MATERIAL TO PROCESS =>
- - - -

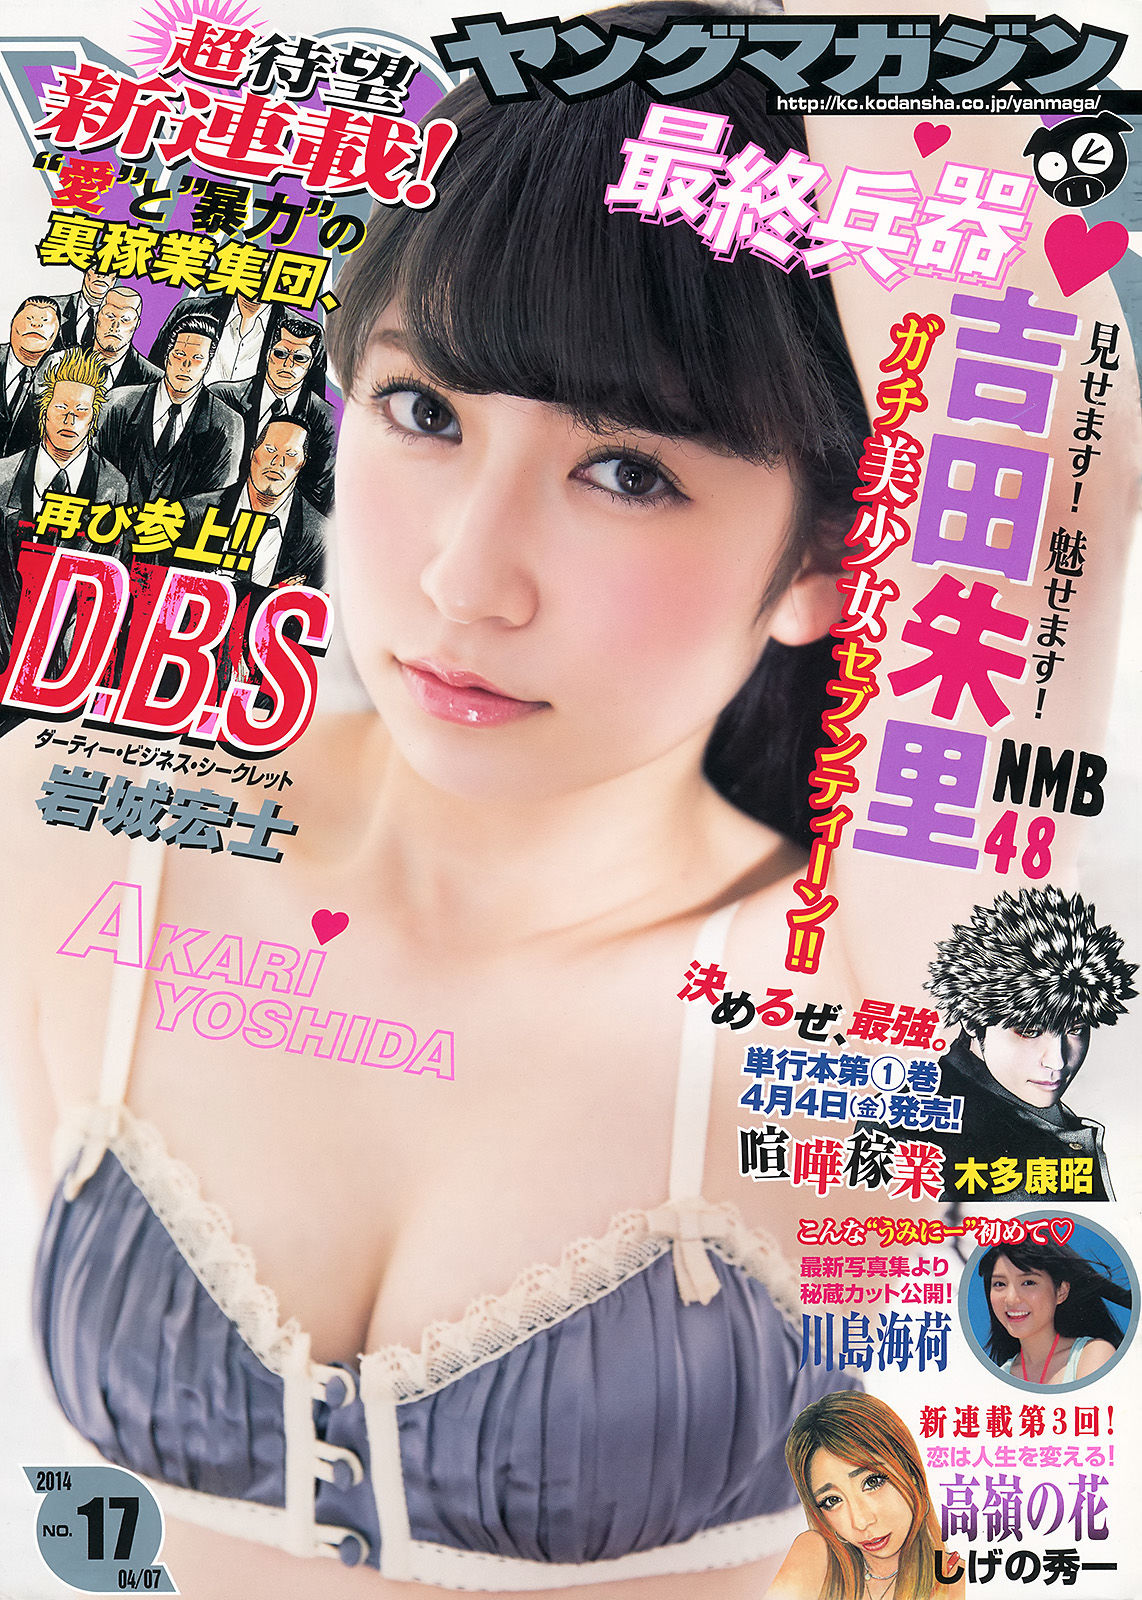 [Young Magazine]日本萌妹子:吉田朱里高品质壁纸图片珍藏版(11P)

- - - -

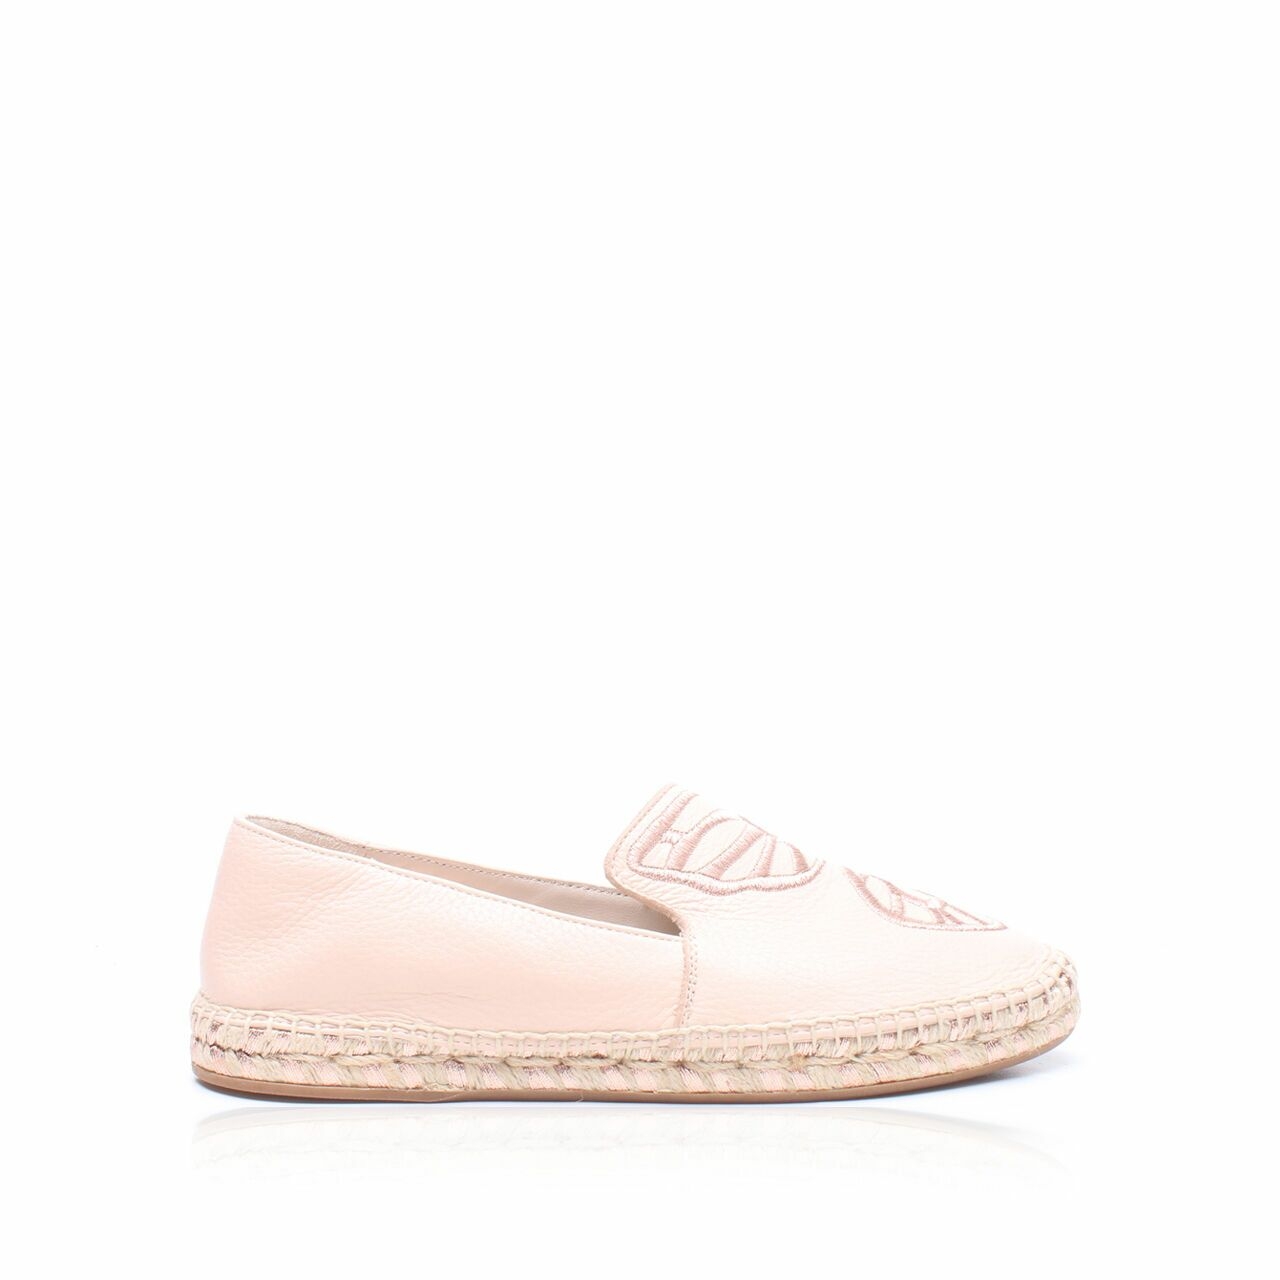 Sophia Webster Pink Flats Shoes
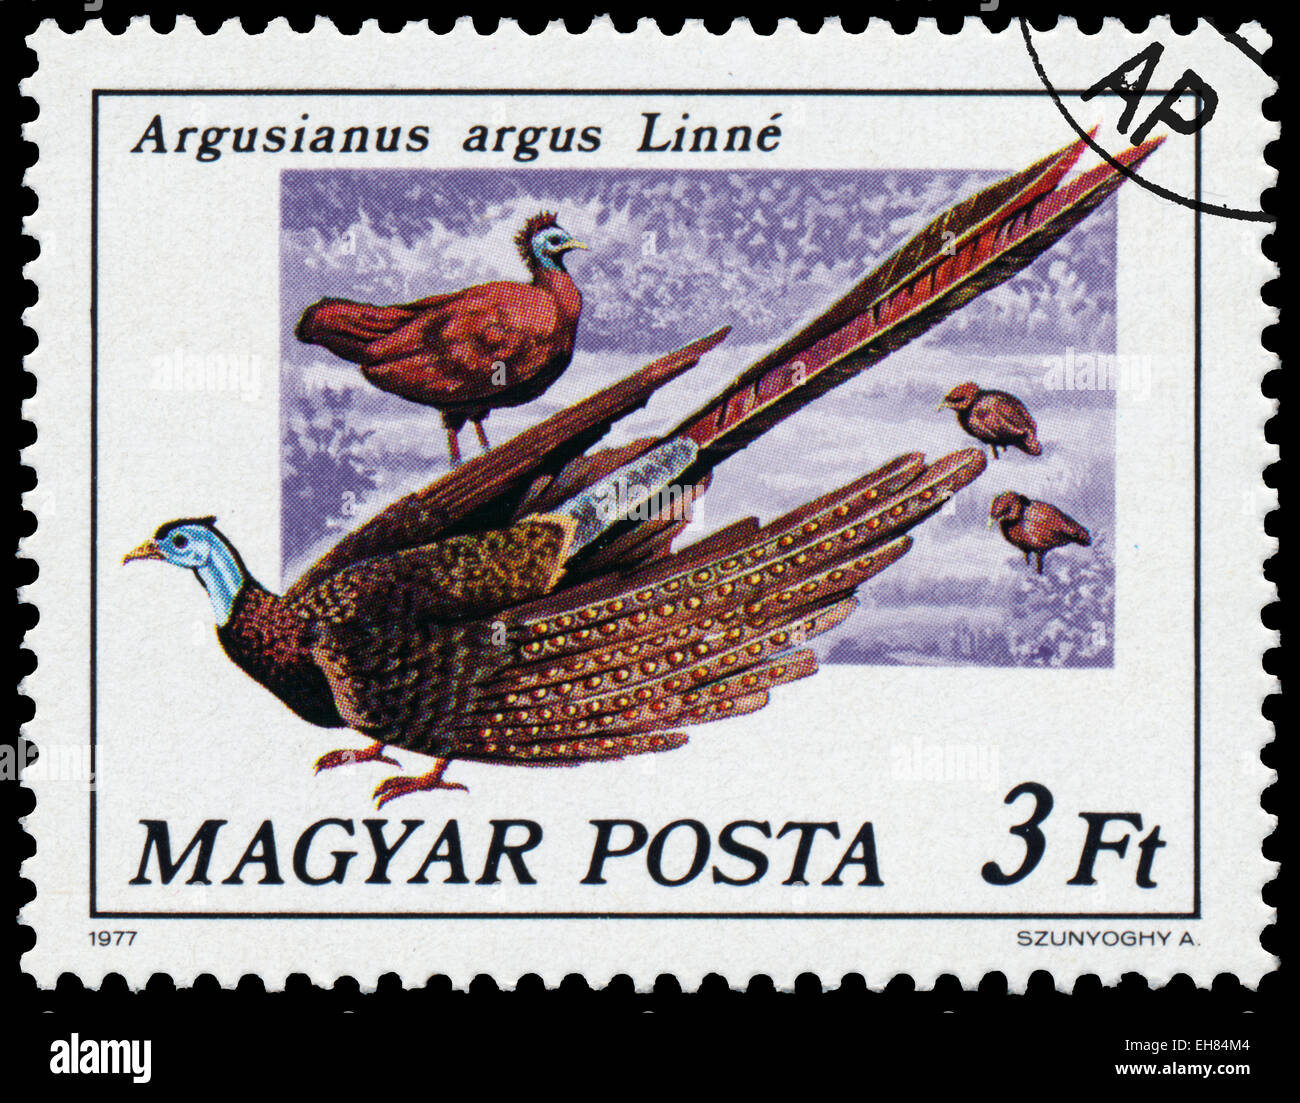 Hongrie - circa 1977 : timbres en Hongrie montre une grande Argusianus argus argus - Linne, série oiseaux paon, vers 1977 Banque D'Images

- - - -

TASK BRIEF => Above are the records. Copy word for word only their lines from the one holding "Sophia Webster Pink Flats Shoes" through the one holding "Hongrie - circa", both included, and skip the images.

EXERCISE RESULT =>
 Sophia Webster Pink Flats Shoes
 Hongrie - circa 1977 : timbres en Hongrie montre une grande Argusianus argus argus - Linne, série oiseaux paon, vers 1977 Banque D'Images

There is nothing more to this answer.